TASK DETAILS:
All lines from the one containing "Osvaldo Torres featured in Top Lawyers" through the end of the material are to be given back exactly, without pictures.

MATERIAL PROVIDED:
━━━━━━━━━━━━━━━━━━━━

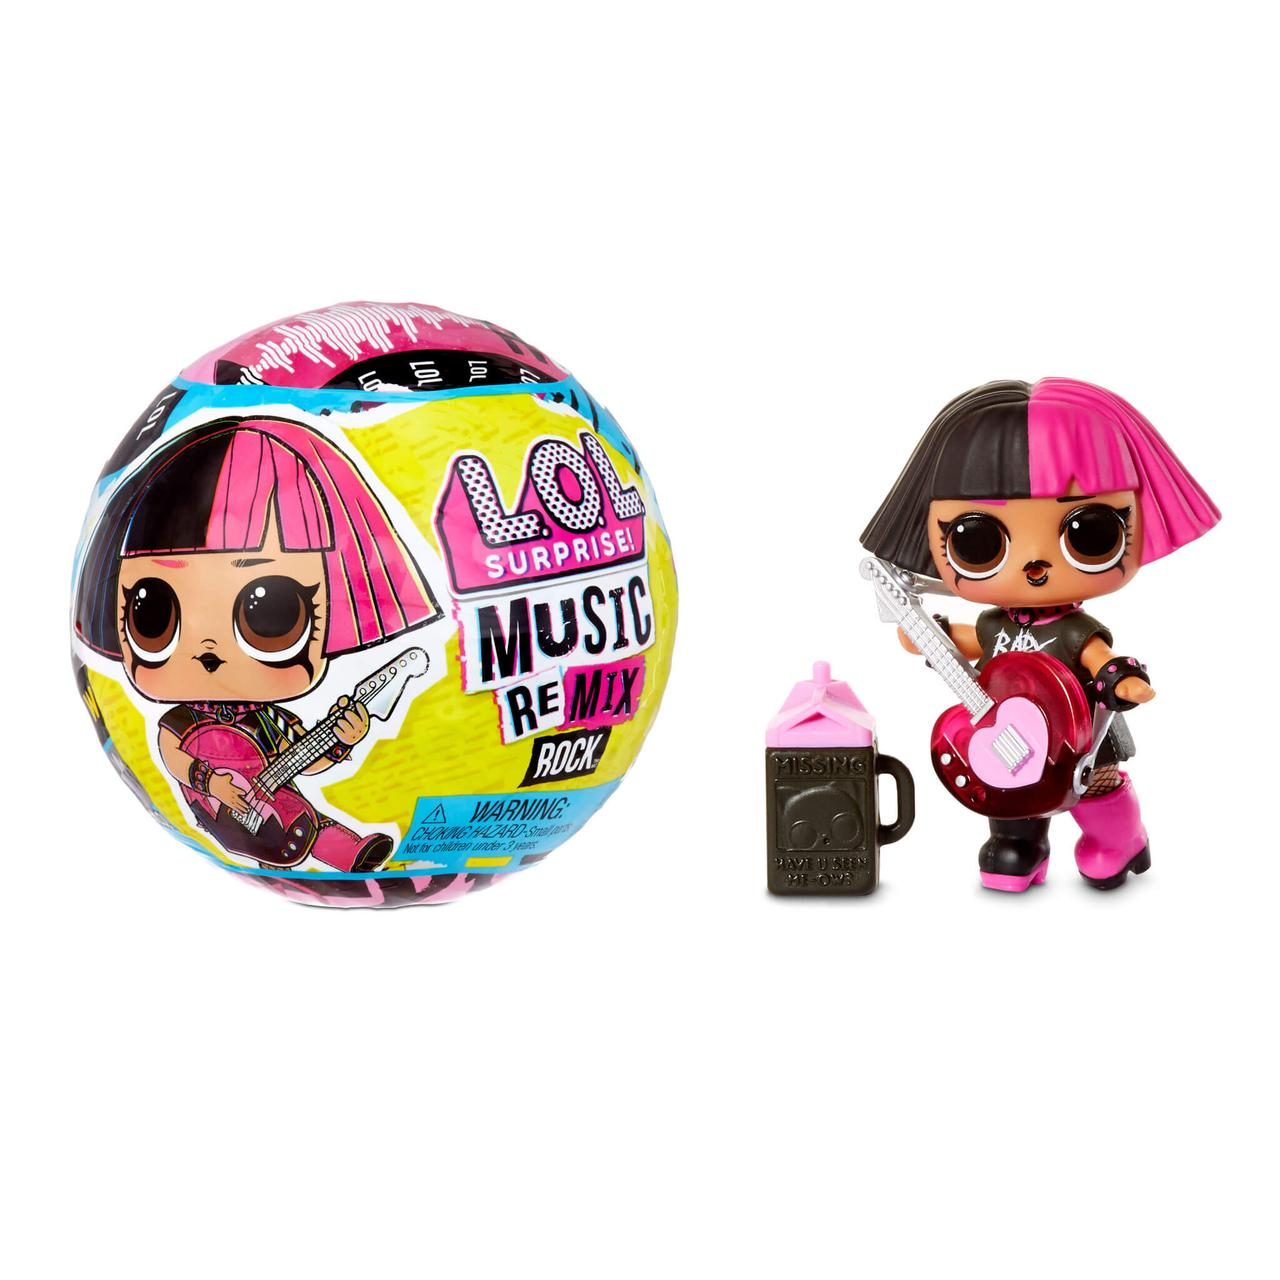 LOL Surprise Кукла ЛОЛ Ремикс Рок в шарике, Remix Rocki Оригинал
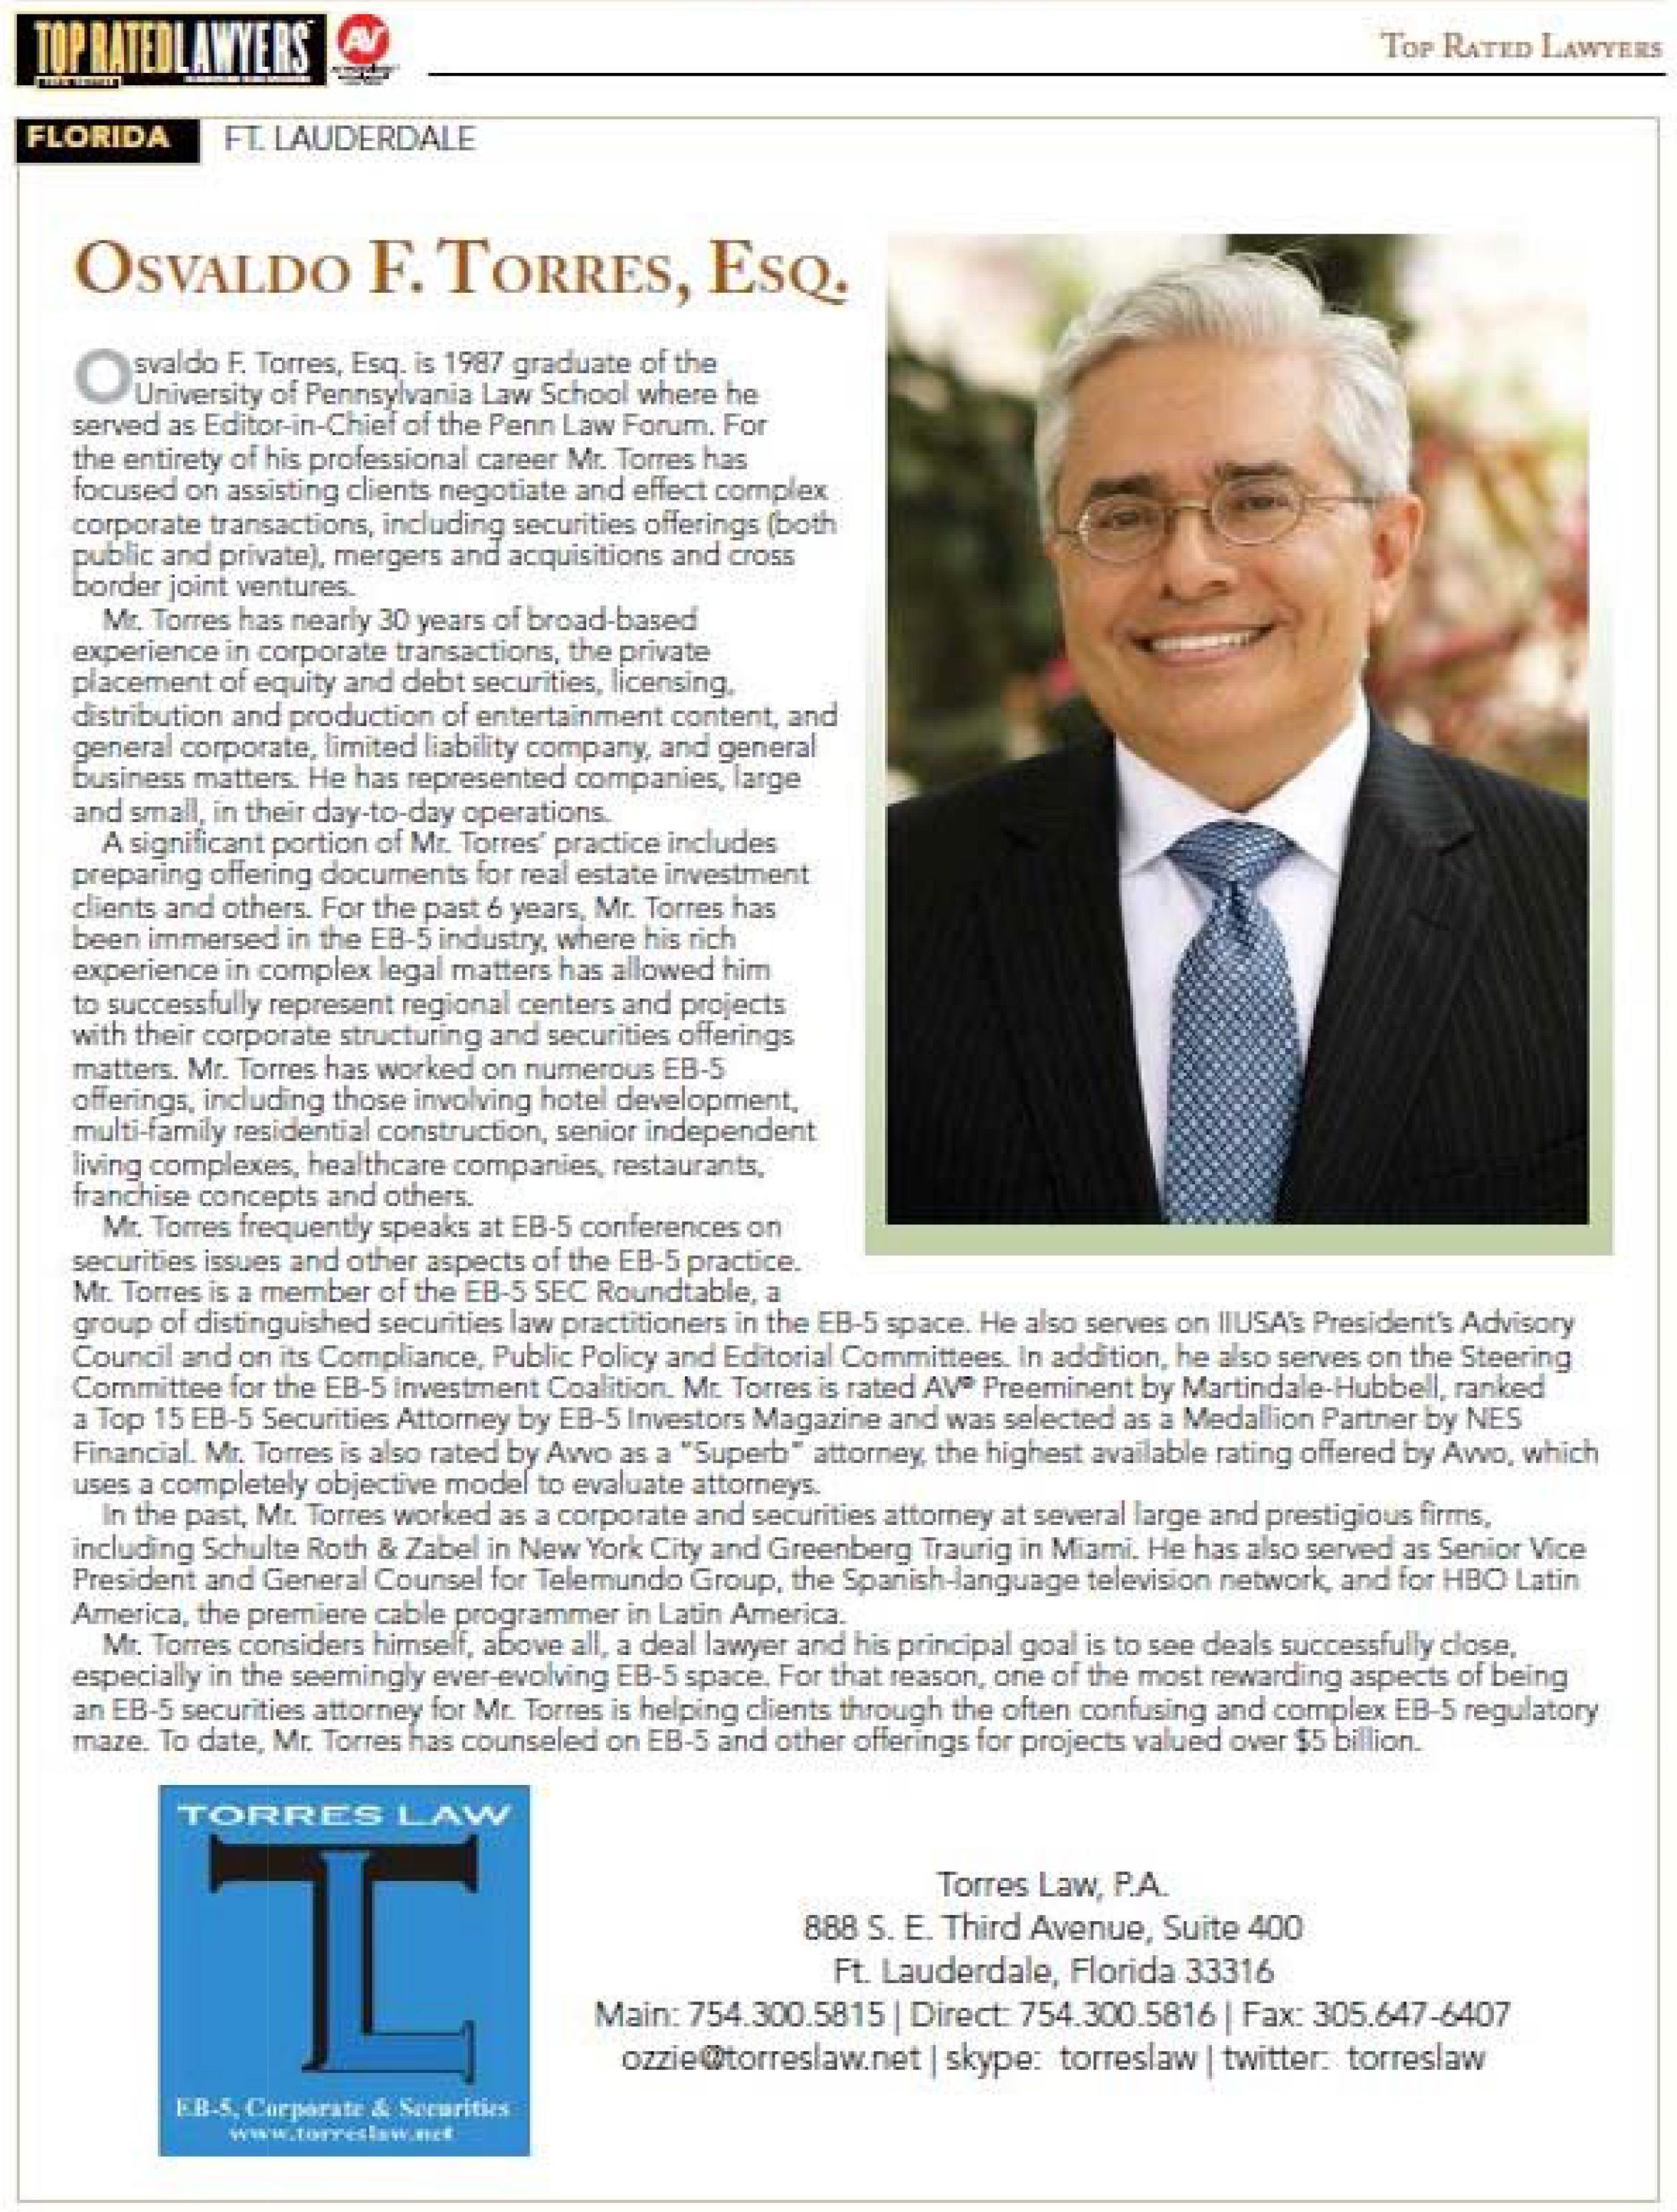 Osvaldo Torres featured in Top Lawyers
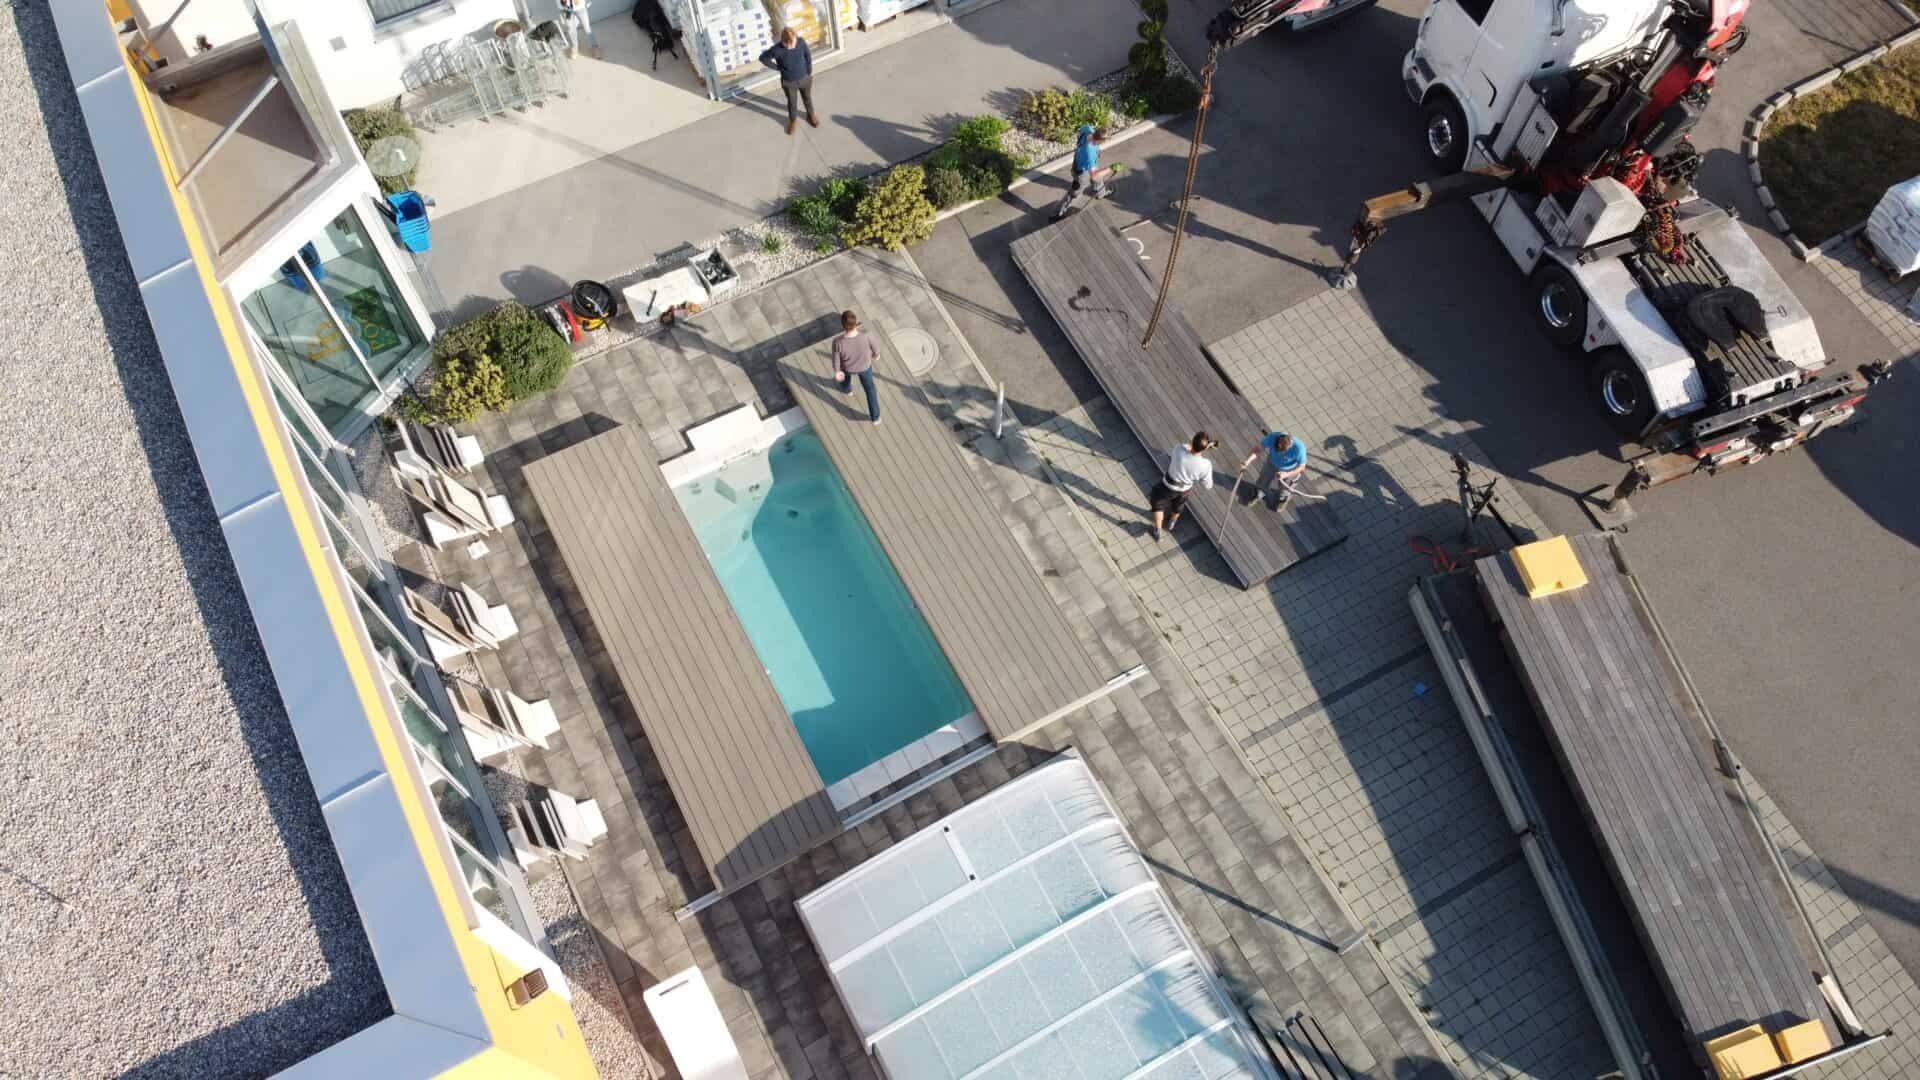 drohnenblick auf pool

━━━━━━━━━━━━━━━━━━━━

RESULT FOR THIS EXERCISE:
 Osvaldo Torres featured in Top Lawyers
 drohnenblick auf pool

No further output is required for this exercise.